## Instructions to follow
From the entries below, output the line with "Evaluation of Circulating" and each following line up to and including the line with "Tourists enjoy a", exactly as written.
═════ Material for this exercise ═════
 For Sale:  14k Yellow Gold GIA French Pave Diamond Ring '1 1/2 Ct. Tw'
═════
═════ Material for this exercise ═════
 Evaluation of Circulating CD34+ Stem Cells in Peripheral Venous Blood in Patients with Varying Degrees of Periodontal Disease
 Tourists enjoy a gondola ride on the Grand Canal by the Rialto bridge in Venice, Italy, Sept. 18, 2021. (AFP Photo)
═════
## Exercise answer
 Evaluation of Circulating CD34+ Stem Cells in Peripheral Venous Blood in Patients with Varying Degrees of Periodontal Disease
 Tourists enjoy a gondola ride on the Grand Canal by the Rialto bridge in Venice, Italy, Sept. 18, 2021. (AFP Photo)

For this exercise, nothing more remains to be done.